She applied to the Supreme Court of British Columbia to have section 241(b) of Criminal Code struck down because it allegedly violated sections 7 (the right to "life, liberty, and security of the person), 12 (protection against "cruel and unusual treatment or punishment") and 15(1) of the Canadian Charter of Rights and Freedoms (equality). Her ethics advisor was Eike-Henner Kluge.

==Reasons of the court==
Sopinka J, writing for the majority, found there was no violation of section 7. He first considered whether the prohibition on ending one's life engaged the right to security of person. He found the prohibition had sufficient connection with the justice system by its impact on an individual's autonomy and right to life by causing physical and psychological pain.

However, Sopinka J found the provision did not violate any principles of fundamental justice. He examined the long history of the prohibition of suicide and concludes that it reflects part of the fundamental values of society and so could not be in violation of fundamental justice.

He also rejected the claim that the provision violated the section 12 right against cruel and unusual treatment or punishment as a mere prohibition did not fall within the meaning of treatment.

Lastly, he considered the section 15 equality challenge.

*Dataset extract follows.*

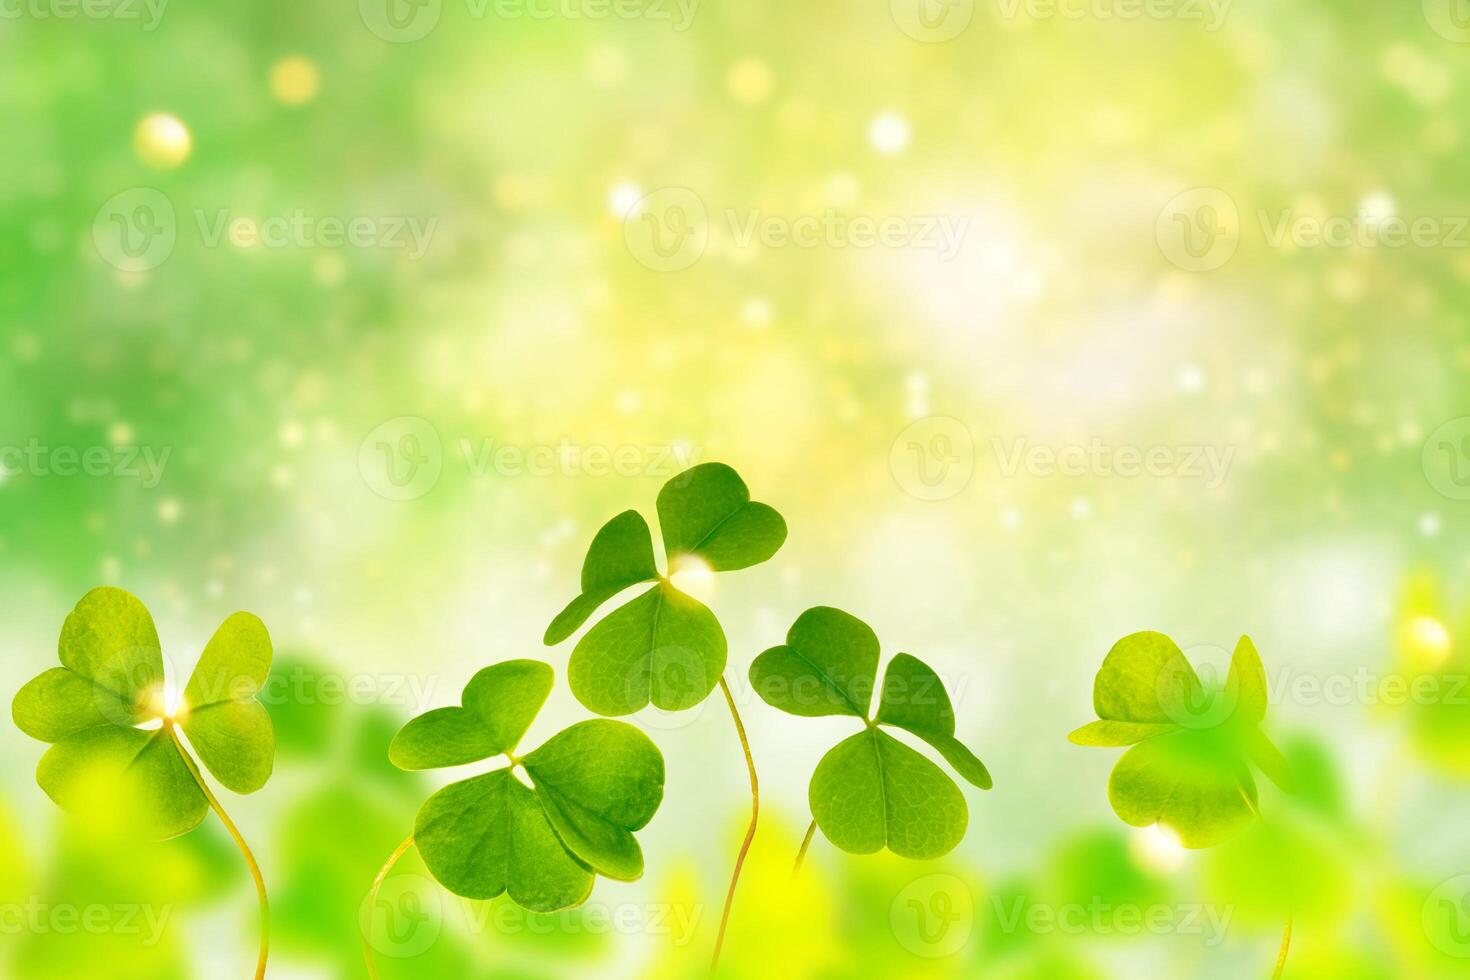 grüne Kleeblätter auf einer Hintergrundsommerlandschaft. St.Patrick's Day foto

He noted the issue is best not resolved under this right, but in assuming it did violate section 15, he found it was clearly saved under section 1. He found the objective was pressing and substantial, rational and that there was no lesser means to achieve the goal.

In dissent, Lamer CJ held that the Criminal Code section 241(b) had infringed on section 15, but he did not consider sections 7 and 12.

Cory J ruled that the right to die is as much a protected freedom under section 7 of the Charter as any other part of life.

McLachlin J's judgment was that Criminal Code section 241(b) violated the section 7 right to security of the person and that the violation was not saved under section 1.

==Aftermath==
The Supreme Court's ruling in Rodriguez was overturned 22 years later in the 2015 decision in Carter v Canada (AG), which found that denying assisted suicide in some cases violated Section 7 of the Charter.